“Low aerobic shortage” is a message from your Garmin watch telling you that your recent training has been too heavily weighted toward moderate and high-intensity exercise, without enough easy, low-intensity activity to balance it out. Garmin’s recommendation is straightforward: add more low aerobic activities to provide recovery and balance for your higher intensity workouts.
This message comes from a feature called Training Load Focus, which sorts your recent workouts into three categories based on heart rate data: low aerobic, high aerobic, and anaerobic. When one category falls short relative to the others, your watch flags it as a “shortage.” In this case, you’re not doing enough easy effort.
How Your Watch Categorizes Training Load
Garmin devices use analytics developed by Firstbeat to measure the physiological impact of each workout. The system tracks your heart rate, heart rate variability, and breathing rate to estimate how hard your body is working at any given moment. Each session gets scored on a Training Effect scale from 0.0 to 5.0, where anything below about 2.0 falls into the low aerobic bucket.
Low aerobic activity is exercise where you could comfortably hold a conversation the entire time. Think of a relaxed bike ride with a friend, a brisk walk, or an easy jog. These sessions might feel almost too easy, and your watch may even show a surprisingly low Training Effect score for a workout that lasted an hour or more. That’s normal. The intensity is too low to directly improve your peak fitness (VO2max), but it serves a different and equally important purpose.
Why Low Aerobic Training Matters
Easy exercise builds the aerobic foundation that all your harder training depends on. When you spend time at low intensities, typically in heart rate zones 1 and 2 (roughly 50% to 70% of your maximum heart rate), your body makes several key adaptations. Your muscles grow more capillaries, improving blood flow and oxygen delivery. The number and efficiency of mitochondria in your muscle cells increase, which determines how well your body can produce energy using oxygen. And your metabolism shifts toward burning a higher percentage of fat for fuel, sparing your limited carbohydrate stores for when you really need them.

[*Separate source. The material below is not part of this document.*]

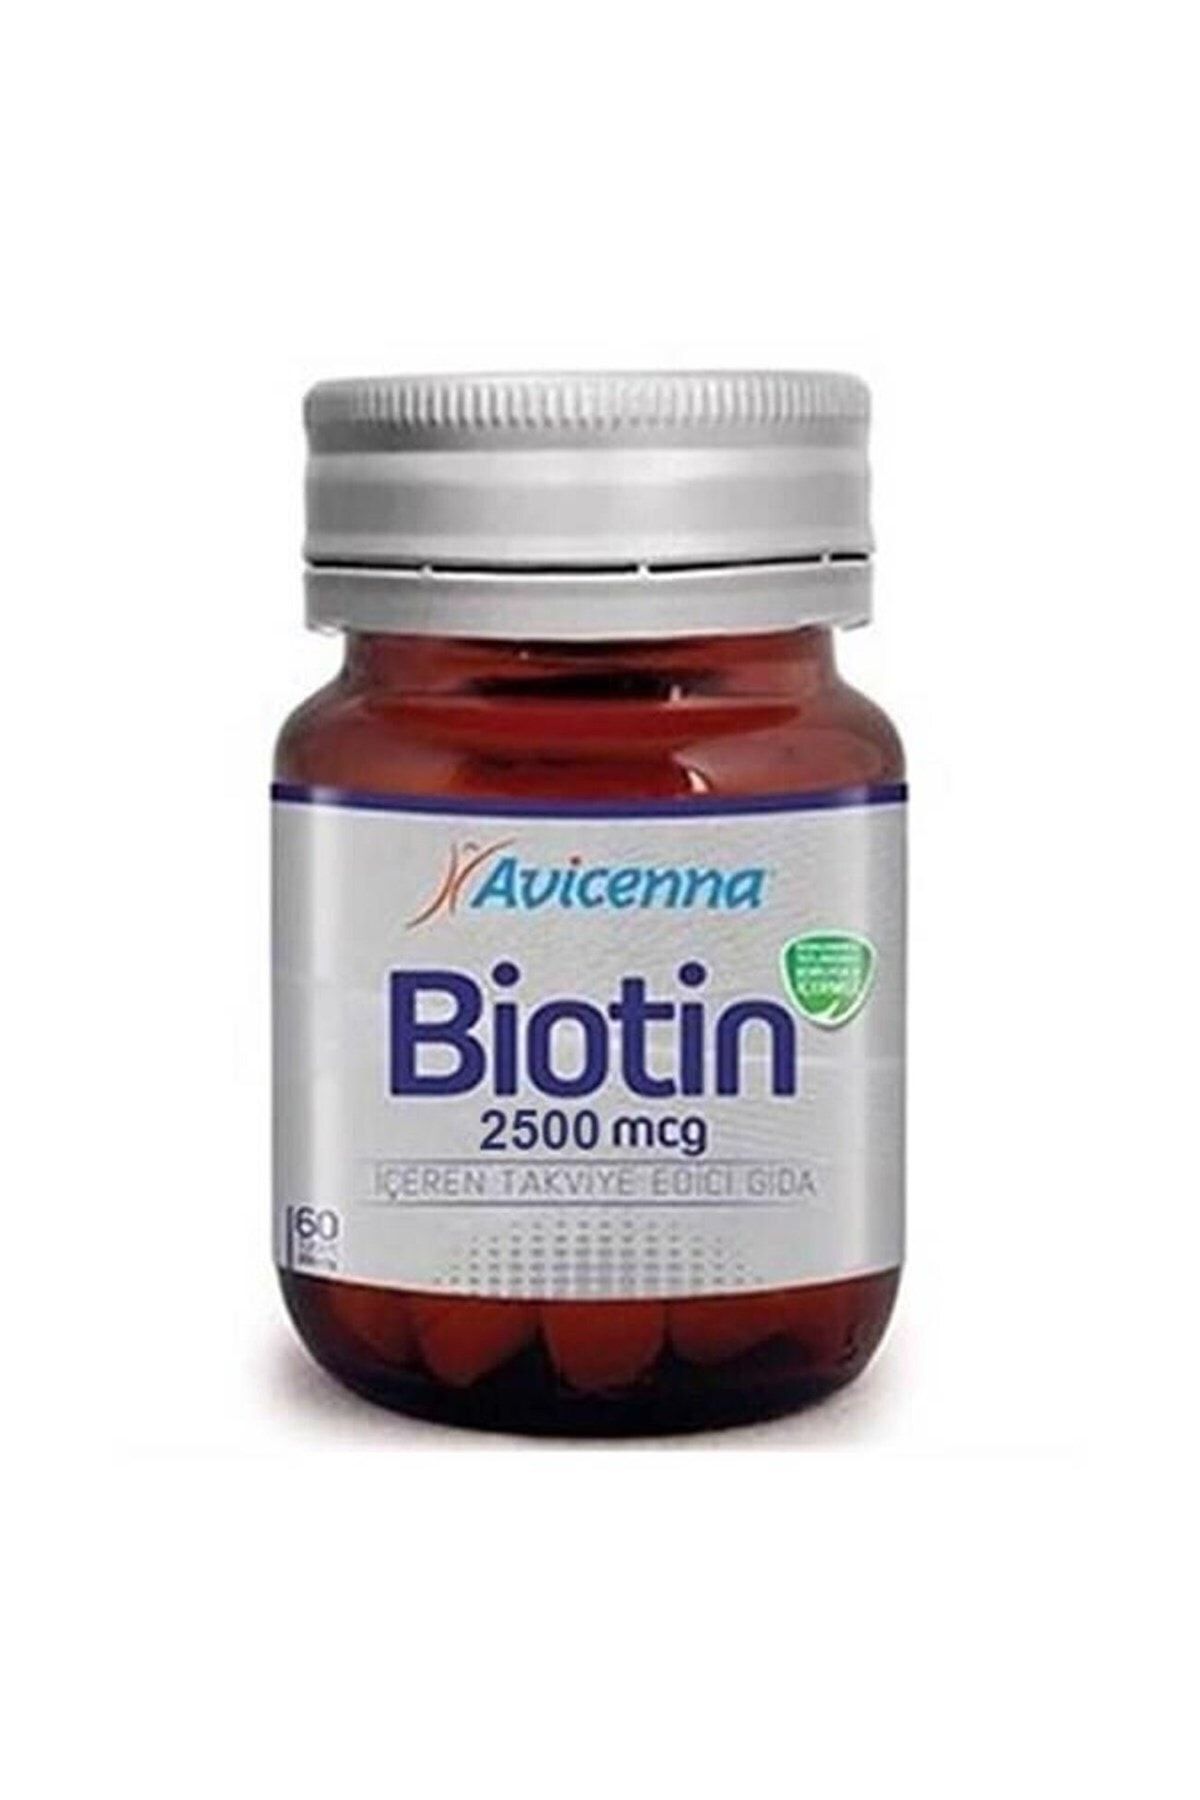 Avicenna Biotin 2500 mcg 60 Tablet

These adaptations also improve insulin sensitivity, blood sugar control, and your body’s ability to store glycogen. None of this happens during a hard interval session. It’s the slow, steady work that creates the infrastructure your body needs to perform during intense efforts and recover from them afterward.
There’s a reason elite endurance athletes across nearly every sport spend 75% to 80% of their training time at easy intensities. Without that base, high-intensity work becomes less effective and harder to recover from. A “low aerobic shortage” is your watch’s way of saying you’re skipping this foundational layer.
What Causes the Shortage
Most recreational athletes see this message for one of two reasons. The first is that nearly all of their workouts are moderate to hard. They run at a “comfortable but challenging” pace, push through group fitness classes, or ride at a steady effort that keeps their heart rate in the upper zones. There’s very little truly easy activity in their week.
The second reason is simply not exercising enough overall. Garmin can also flag a message saying your training load is lower than optimal in all intensity categories, recommending that you increase the duration or frequency of your workouts. If you’re only working out a couple times a week and those sessions are intense, you’ll naturally end up short on low aerobic volume.
How to Fix It
The fix is adding easy sessions to your week. These don’t need to be long or structured. A 30 to 60 minute walk, an easy bike ride, a light swim, or a slow recovery jog all count. The key is keeping your heart rate low enough that the effort feels genuinely easy. For most people, that means staying below about 70% of your maximum heart rate. If you’re breathing hard or can’t speak in full sentences, you’re going too fast.
On rest days, a walk or easy bike ride can contribute low aerobic load without interfering with recovery. Firstbeat’s own guidance suggests keeping the Aerobic Training Effect below 2.0 on these days. You don’t need to turn recovery days into training days, just add light movement.
If you’re already training four or five days a week at moderate to high intensity, you don’t necessarily need to add more days. Instead, consider converting one or two of those sessions into genuinely easy efforts. Many runners, for example, find that slowing their “easy” runs by 30 to 60 seconds per mile is enough to shift those sessions into the low aerobic category. The pace should feel almost embarrassingly slow. That’s the point.
What to Expect After Adjusting
Once you start including more low aerobic work, the shortage message on your watch will resolve within a few days to a week as the Training Load Focus recalculates based on your recent activity. More importantly, you may notice that your harder sessions start to feel more productive. Better aerobic base fitness means faster recovery between intervals, a lower resting heart rate over time, and more energy for the workouts that really count.
Long, easy efforts can feel anticlimactic in the moment, especially when your watch gives them a low Training Effect score. But those sessions are building the metabolic machinery, more capillaries, more mitochondria, better fat burning, that makes everything else work. The shortage message is a useful nudge to stop neglecting them.